Now I want to shine some light on how the ingestion pipeline architecture looks like. Since I just got started with Apache Metron myself, I hope this helps to kickstart your cyber security efforts. Rather than going too much into the details of what the components do, I’d like to provide a basic overview about which components there are.

This architecture can be generalized for all kinds of streaming use cases. The pipeline uses Apache NiFi for ingest, Apache Kafka as an event buffer, Apache Storm for stream processing, Apache Hadoop for long term storage and Apache Solr for short term random access storage. If you design your own pipeline for a different use case, you can, e.g., swap Apache Storm with frameworks such as Apache Flink or Spark Streaming (or any other frameworks out in the wild with their pros and cons). Choosing the right piece of technology strongly depends on numerous factors, I’m not going into in this article.

metron_pipeline — End to End Processing Pipeline for Apache Metron

Ingest

The most important part for Apache Metron is to get the telemetry data into an Apache Kafka topic. In the figure below you can see that there is a Kafka topic and a corresponding parser for each format. Usually, there is one Kafka topic per source type, because each source typically comes in its own special format, but it’s also possible that data of one source has multiple formats or multiple sources have the same format.

Apache NiFi is being used as the data integration tool.
In the figure, I added an example of a MiNiFi instance to the Squid Access Log source. In this case MiNiFi is installed on the Squid server node and acts as a log forwarder.
It’s also possible that sources write directly into Kafka, if they support that. In some cases this might even be a requirement due to performance constraints.

Parsing

As described in the ingest part: there is a topic for each parser format and an Apache Storm topology reading from this Kafka topic and doing the parsing. A parsed event is then written into the so-called “enrichments” topic.

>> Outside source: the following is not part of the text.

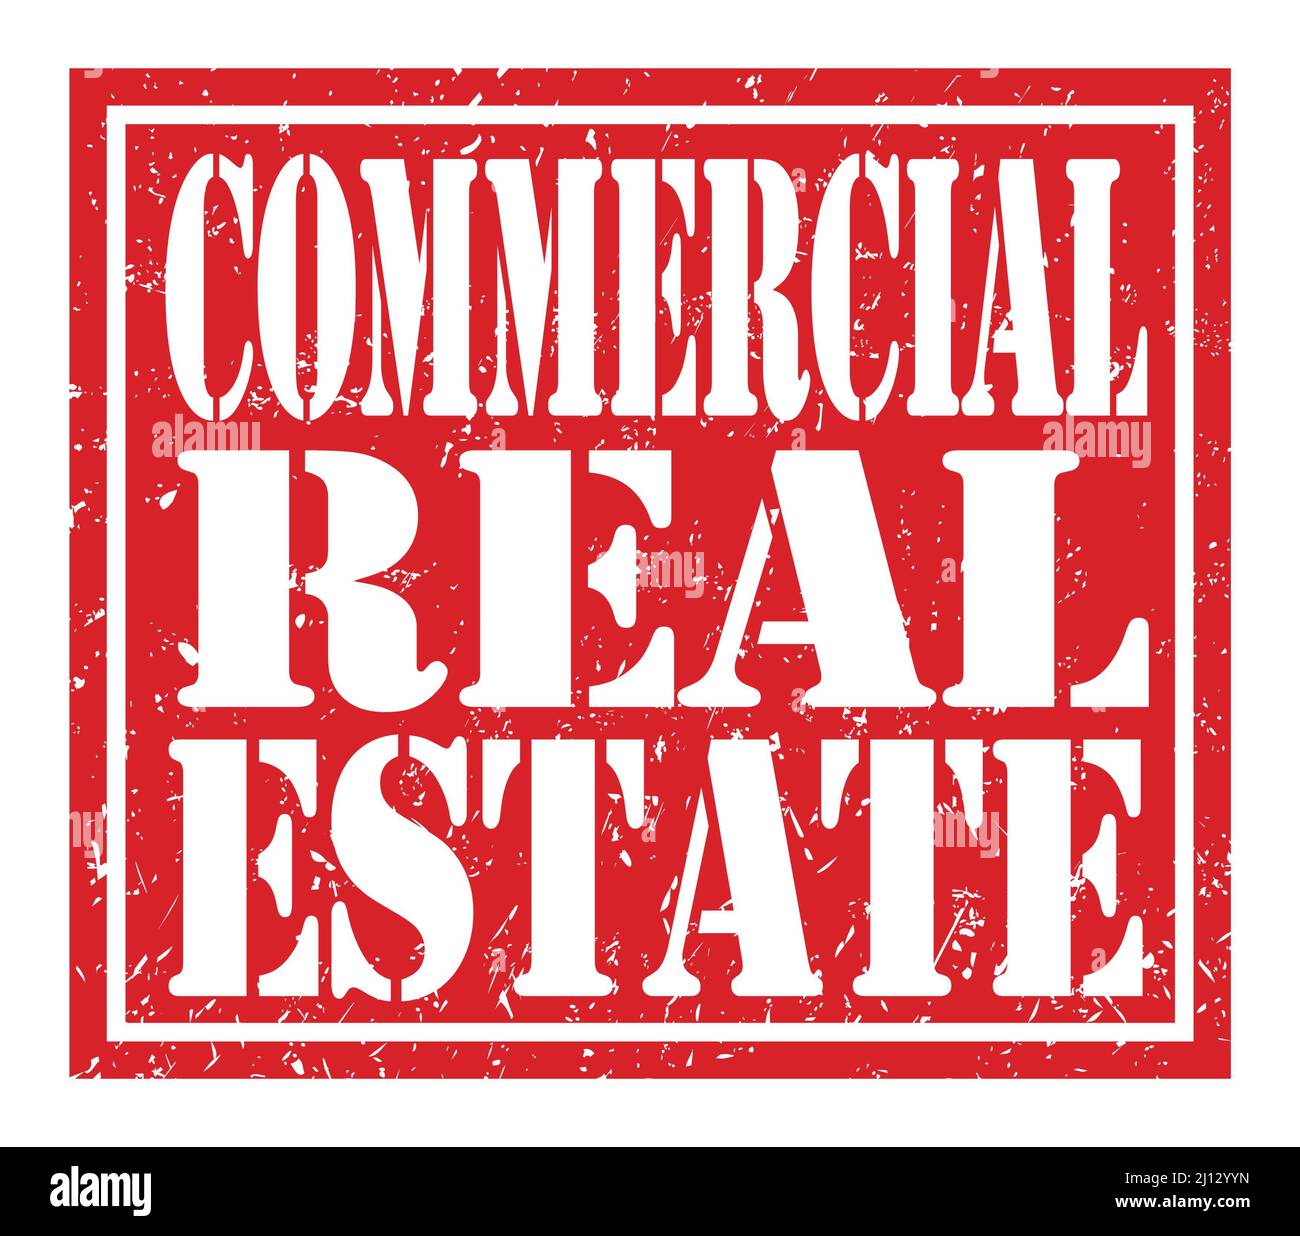 COMMERCIAL REAL ESTATE, words written on red stamp sign Stock Photo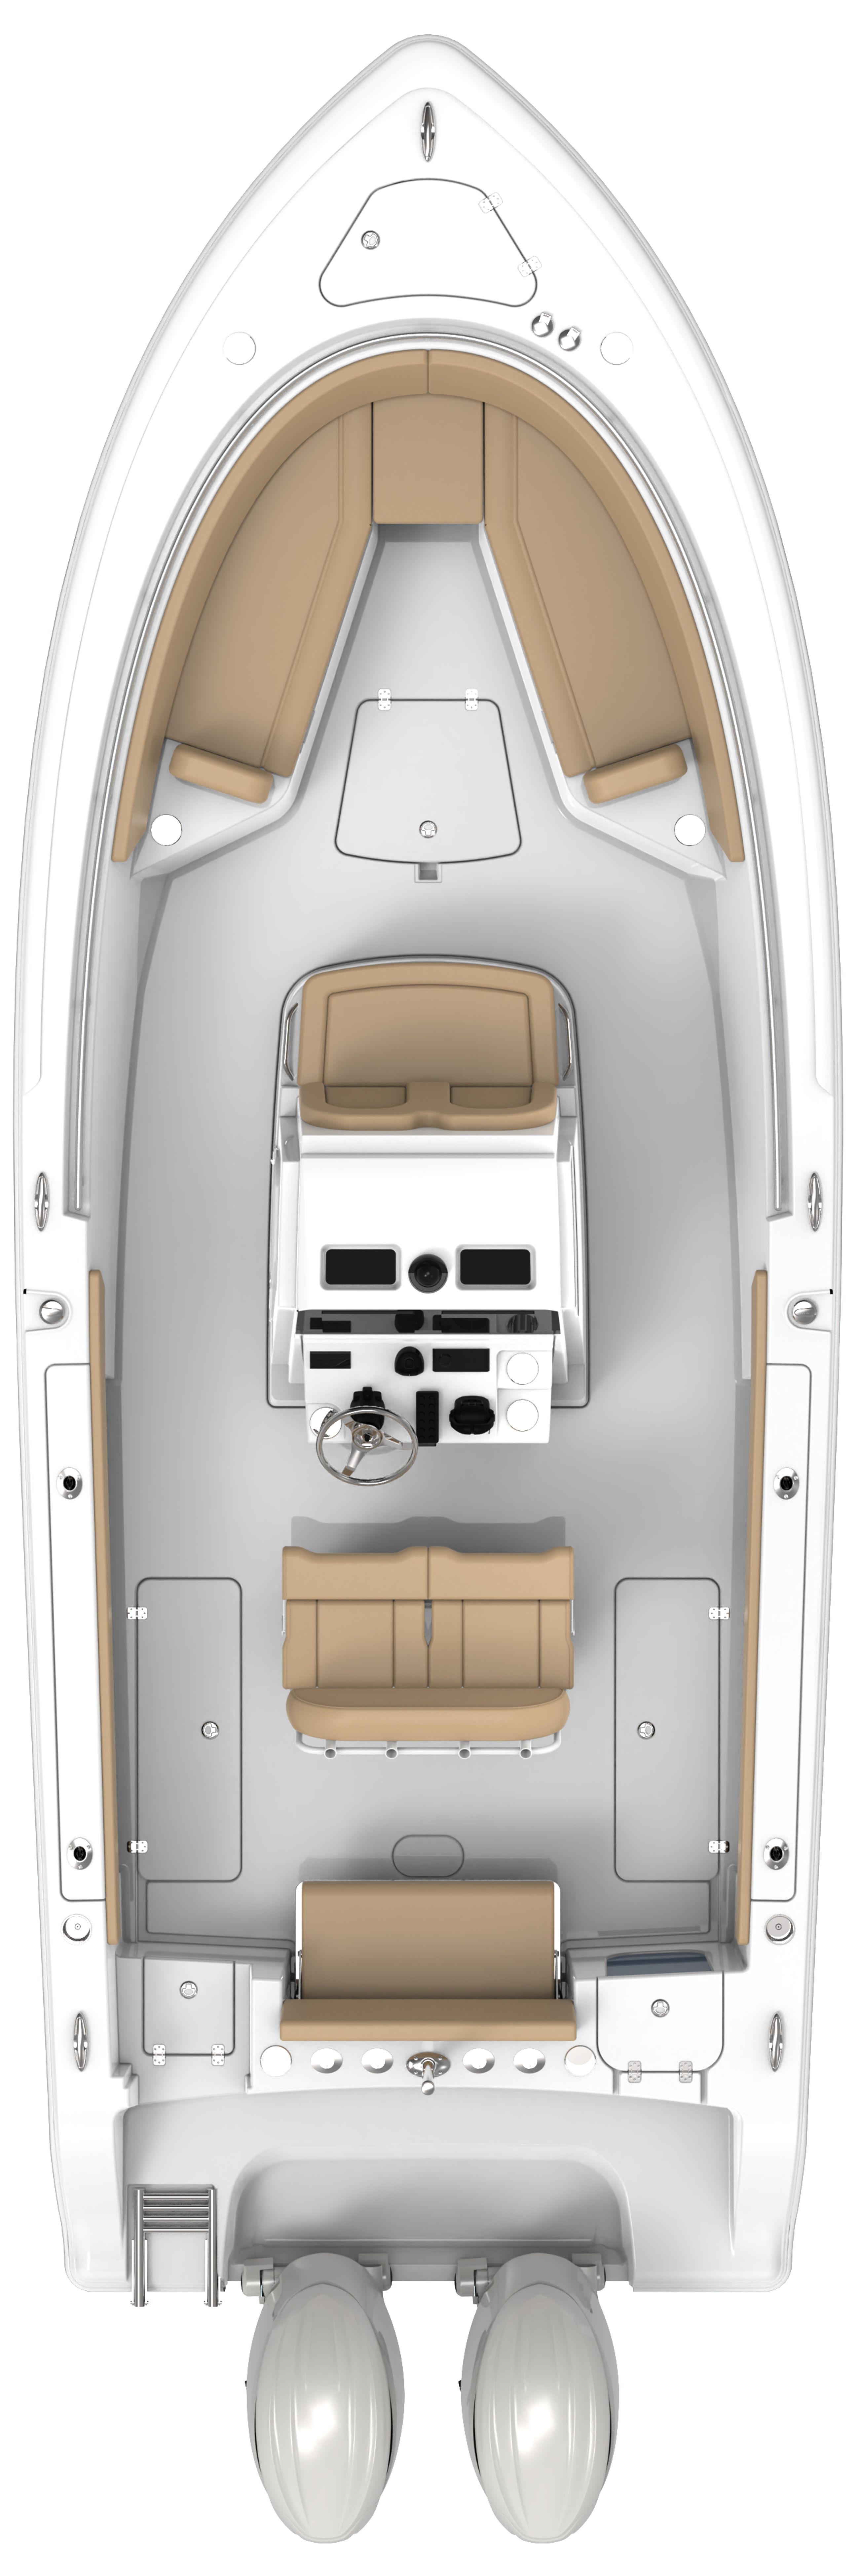 Overhead image of the 252-center-console

The parsing has two purposes:
- it brings all ingest format into a JSON format.
- it introduces a common set of fields shared among all data sources, as well as unique fields that are special to each source.
Some parsers of common formats are included in the Metron project.
If there is no parser (that works) for your format, you can use Grok to quickly prototype and launch your parser before you write it in Java.
It is also possible to launch parser chains to extract information that is convoluted in different formats.
You can also decide to run only one topology handling multiple parsers in a so-called aggregated parser. This can be combined with parser chains.

Enrichment

The purpose of the enrichment Storm topology is to pick up events from the enrichments topic and add information from external sources. The enriched output is written to an indexing topic.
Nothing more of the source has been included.